Data customization possible with IRBANA
Data customization possible with IRBANA
Michigan IRB using software to go paperless
]Editor’s note: In this issue of IRB Advisor is the first installment of a special series on IRB software and how institutions can use it to improve their operations. This month we profile IRBANA software, by DDOTS Inc. of Ypsilanti, MI.]
An IRB data management software system currently being rolled out at institutions across the country gives IRBs the ability to minutely tailor their own systems and to suggest their own additions.
Among the adaptable features of the web-based IRBANA (Institutional Review
Board Activity Negotiation Accountability), developed by DDOTS, Inc. of Ypsilanti, MI, is the ability for an institution to be as paperless — or not — as it wants to be, says DDOTS President Stephen Burke.
"Your [IRB] agenda can be web-cast, documents can be web-cast and shared," he says. "But in a lot of cases, people still want paper at this point.
"You can say, ’We want to be totally paperless by this date,’ but what are you going to do about Dr. Smith, who doesn’t own a computer at home, and in the office, his secretary runs it and prints out all his e-mail for him?
"What we did in the construction of IRBANA is to say you can be as paper-full’ or as paperless’ as you like," Burke says.
Trista Koehler, senior research coordinator for the Michigan Cancer Research Consortium at St. Joseph Mercy Hospital, Ann Arbor says her institution is using IRBANA in its own quest to become paperless. "We’re heading that way," she says. "We would like to, but it’s a lot of work.
A lot of people are afraid to get rid of that hard copy. It’s going to take a lot to convince the members who sit on the IRB to look at a computer screen all the time, versus receiving those big volumes of books."
Using IRBANA, an IRB can maintain a database of studies, including adverse events, revisions, and amendments. It can monitor frequency of reviews and flag studies to go to a specific IRB meeting. The software also can generate IRB agendas and create packages of web-based meeting information, which can be made available to IRB members online in a read-only format.

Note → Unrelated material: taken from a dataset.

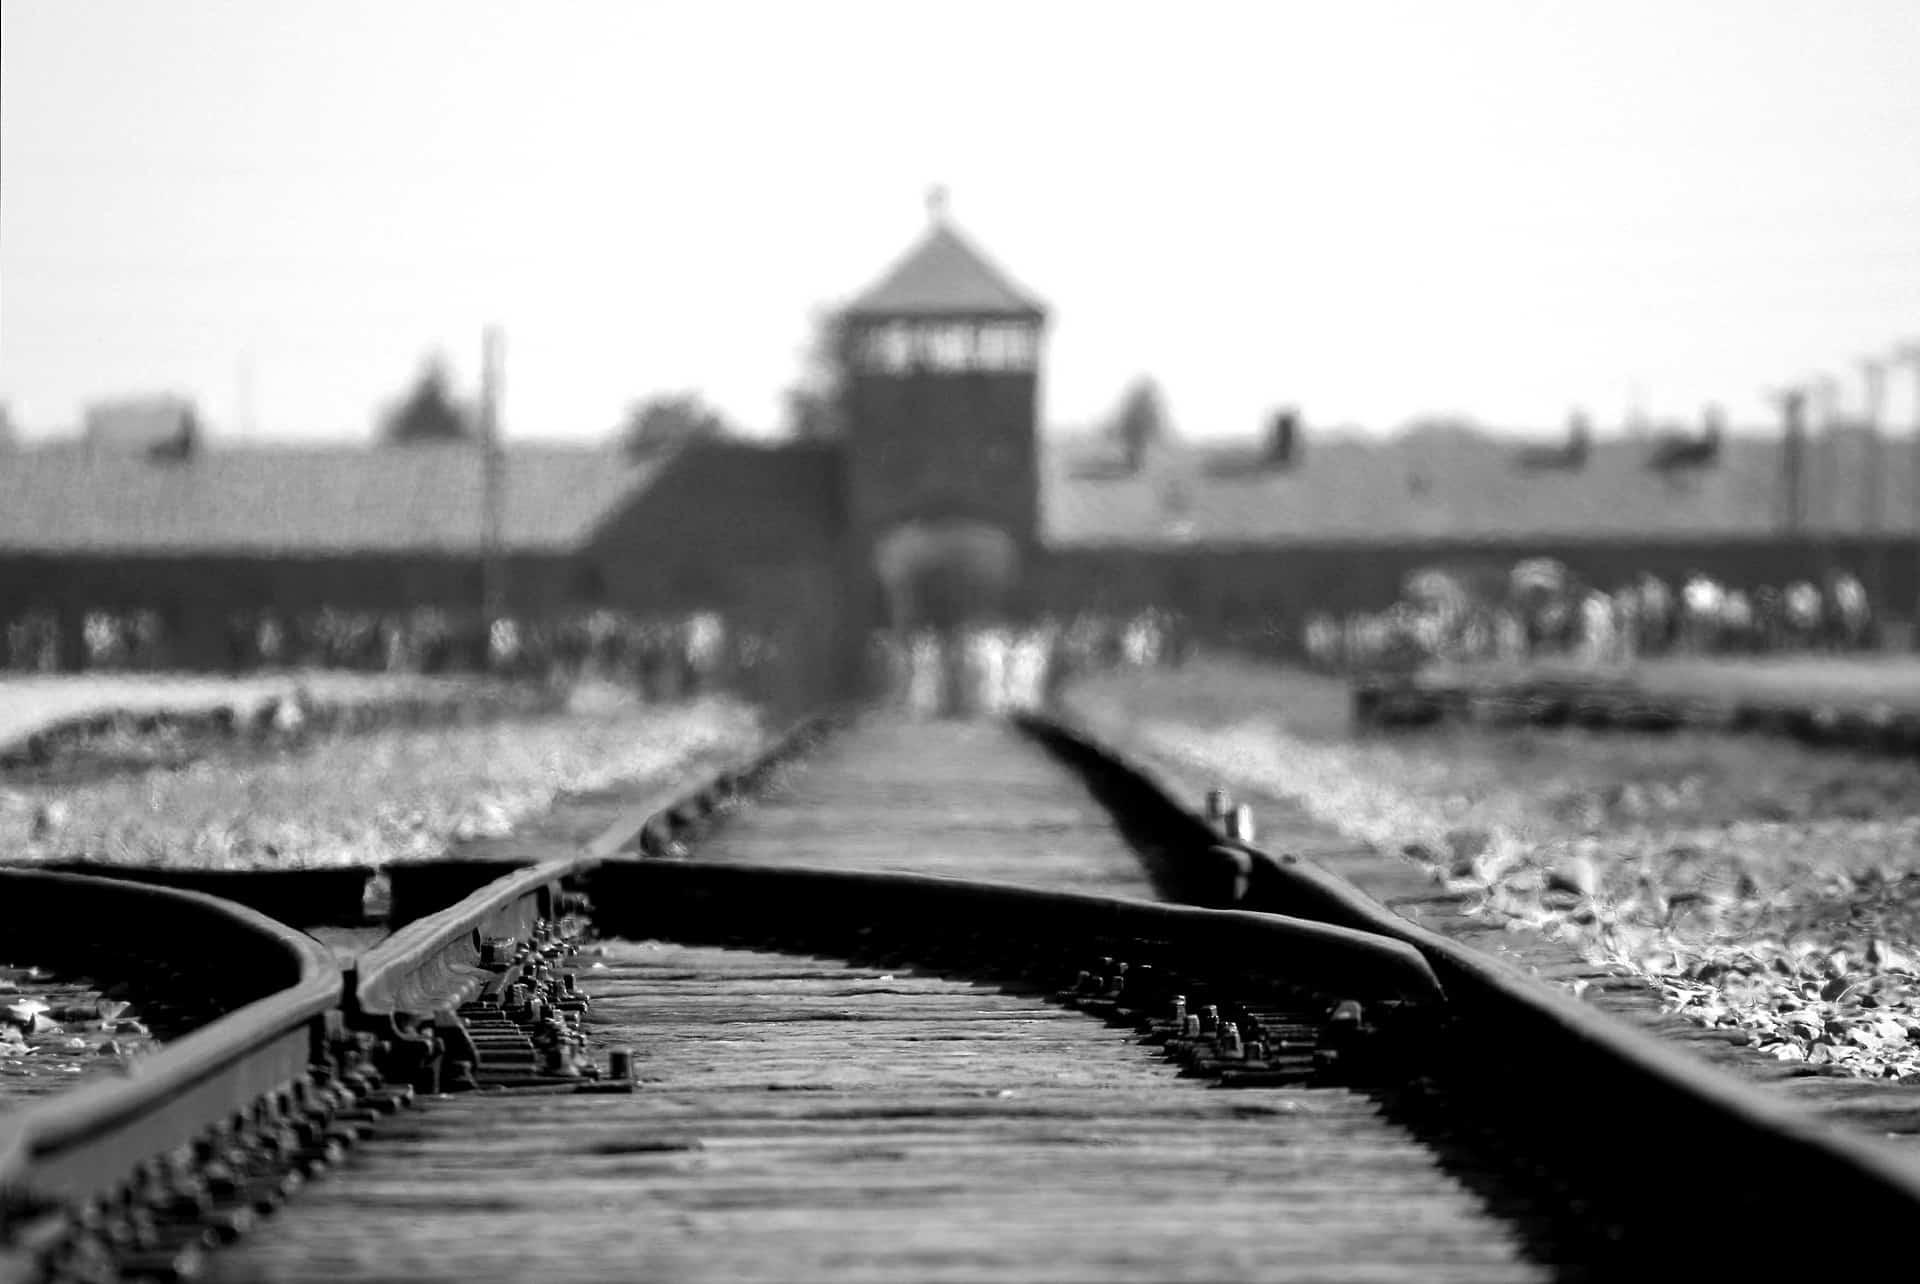 Detalles y curiosidades de Auschwitz

Documents that can be uploaded by investigators and downloaded for use by the IRB include PDFs of applications, consent documents, and HIPAA forms.
At meetings, secretaries can check off agenda items with the board’s action indicated, and IRBANA will automatically generate minutes indicating what transpired. The system also generates follow-up letters for principal investigators whose studies were acted on in the meeting.
Works with clinical trials system
The system dovetails with another DDOTS product, CREDIT (Clinical Research Environmental Data Information Tracking), a clinical trials administration and patient scheduling program. Data can be imported easily from CREDIT to IRBANA, cutting down on the burden of duplicating data input, Burke says.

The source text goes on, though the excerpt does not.